### Task objective
Write out exactly the lines from the one with "LADDA ( IKEA" through the last line of the data below, but not the pictures.

### Data block
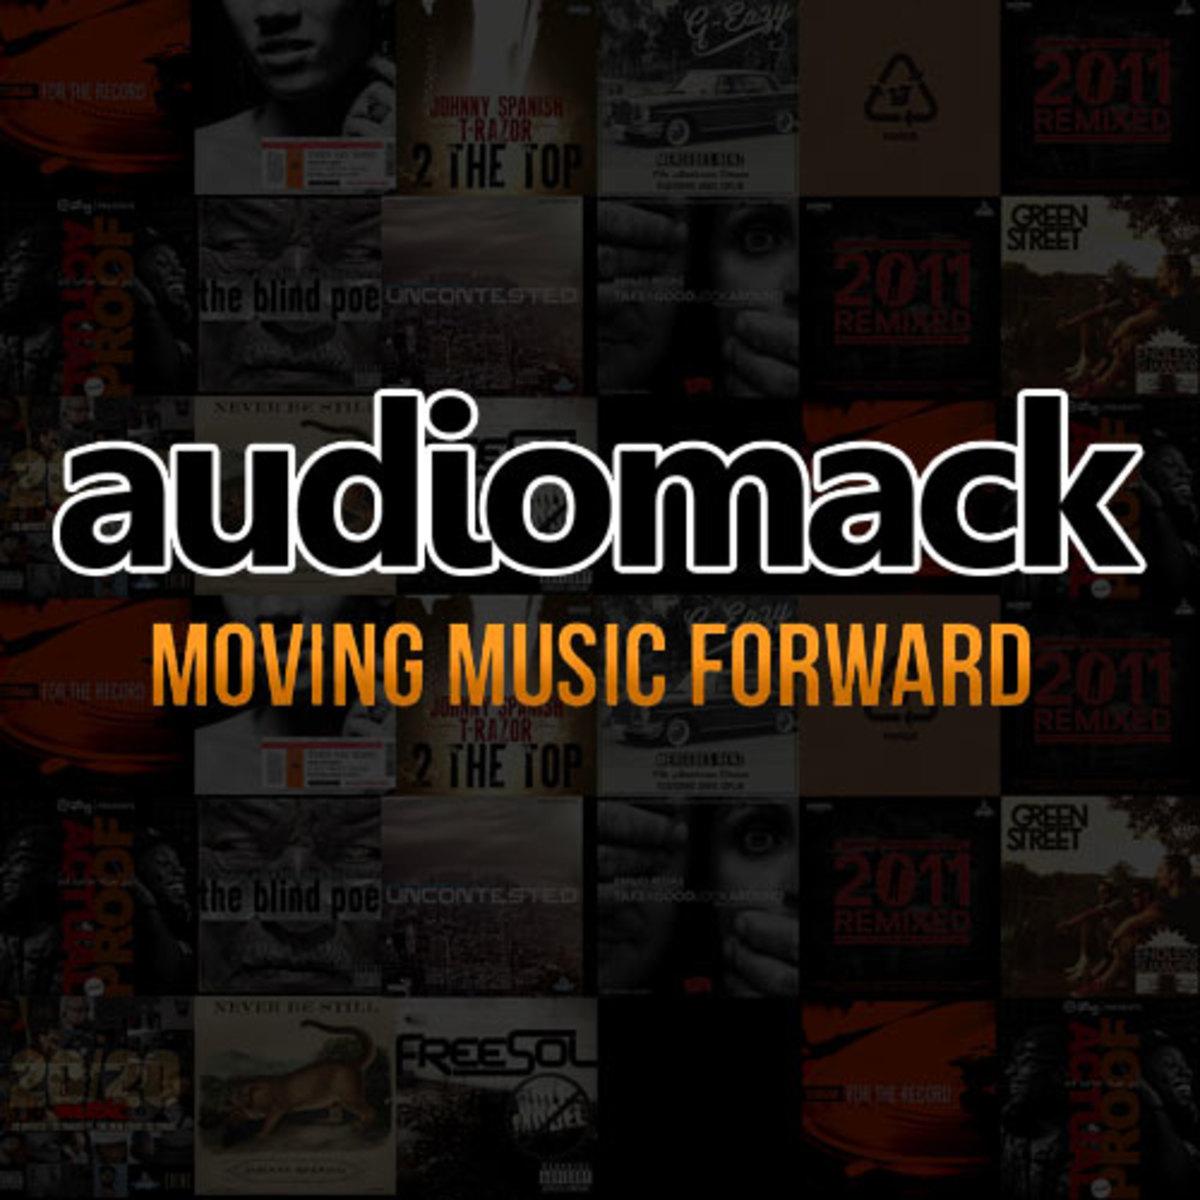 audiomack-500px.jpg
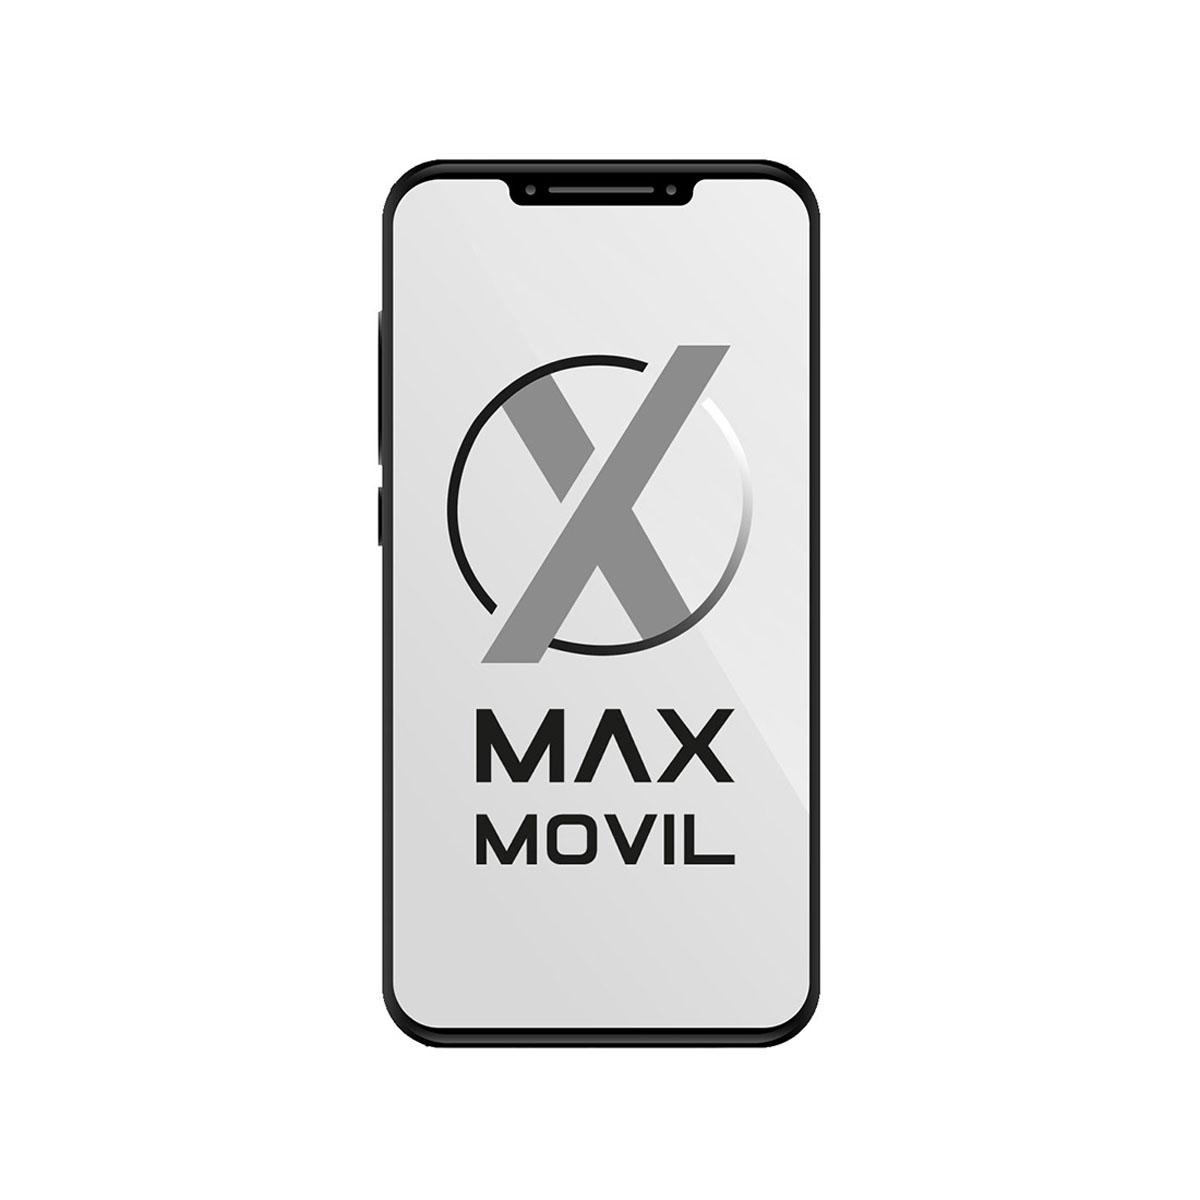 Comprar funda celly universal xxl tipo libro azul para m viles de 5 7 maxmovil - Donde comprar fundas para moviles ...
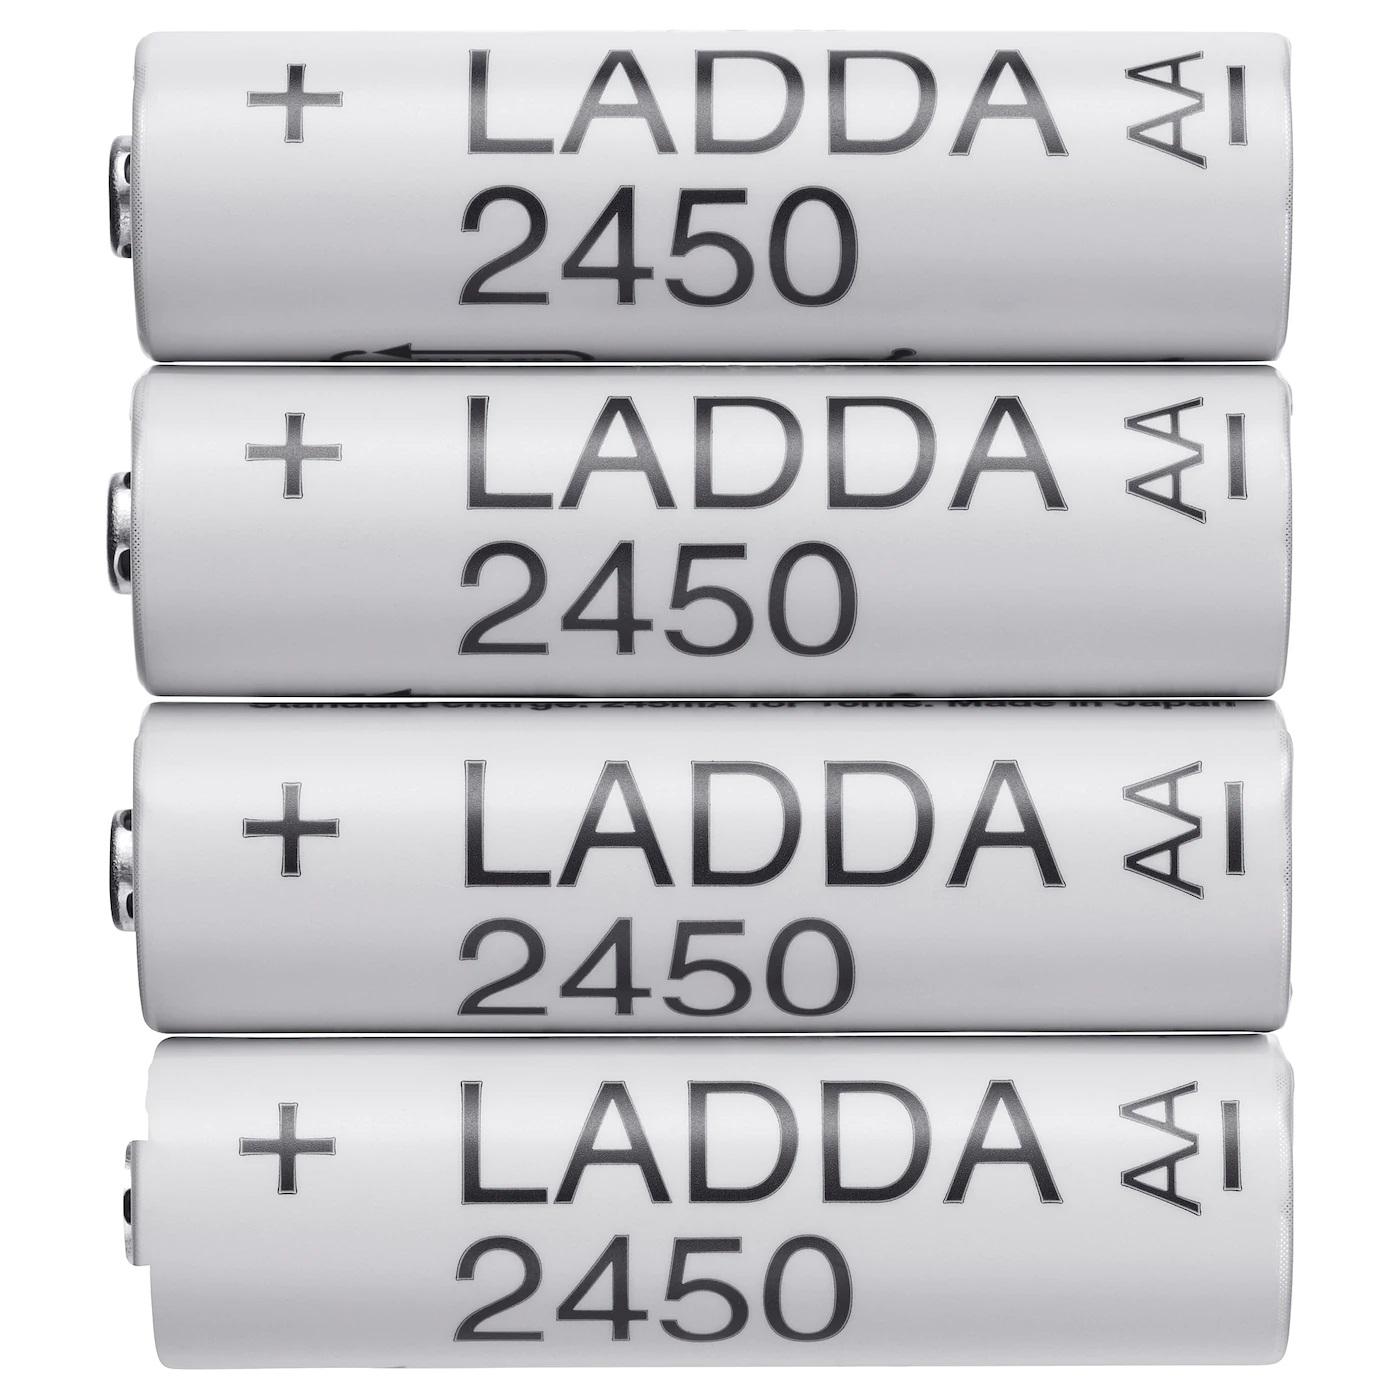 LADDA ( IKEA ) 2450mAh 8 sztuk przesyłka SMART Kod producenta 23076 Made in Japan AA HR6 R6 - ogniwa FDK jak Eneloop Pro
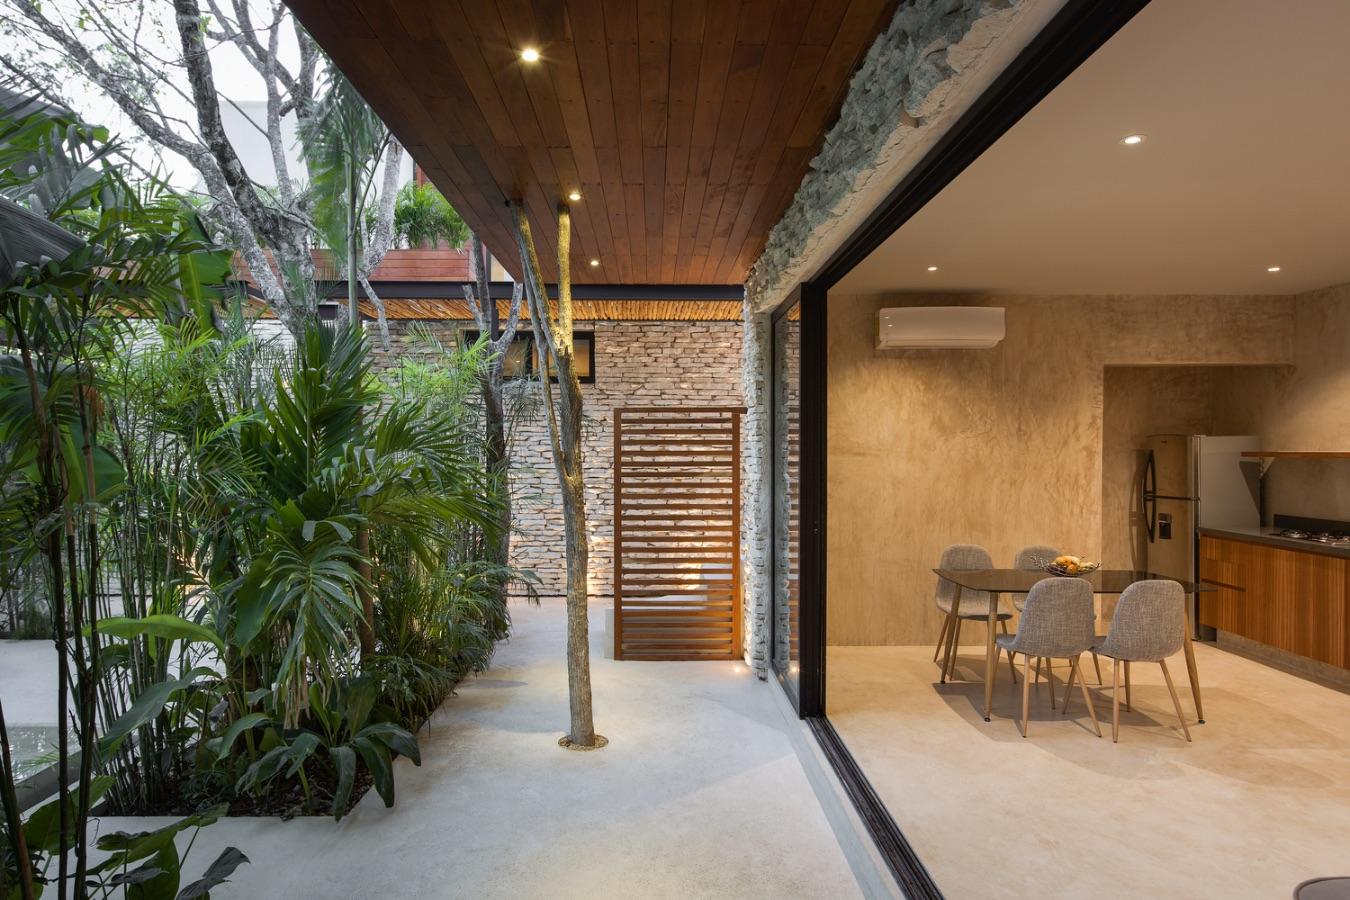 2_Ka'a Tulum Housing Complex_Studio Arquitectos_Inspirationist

### Output below
 LADDA ( IKEA ) 2450mAh 8 sztuk przesyłka SMART Kod producenta 23076 Made in Japan AA HR6 R6 - ogniwa FDK jak Eneloop Pro
 2_Ka'a Tulum Housing Complex_Studio Arquitectos_Inspirationist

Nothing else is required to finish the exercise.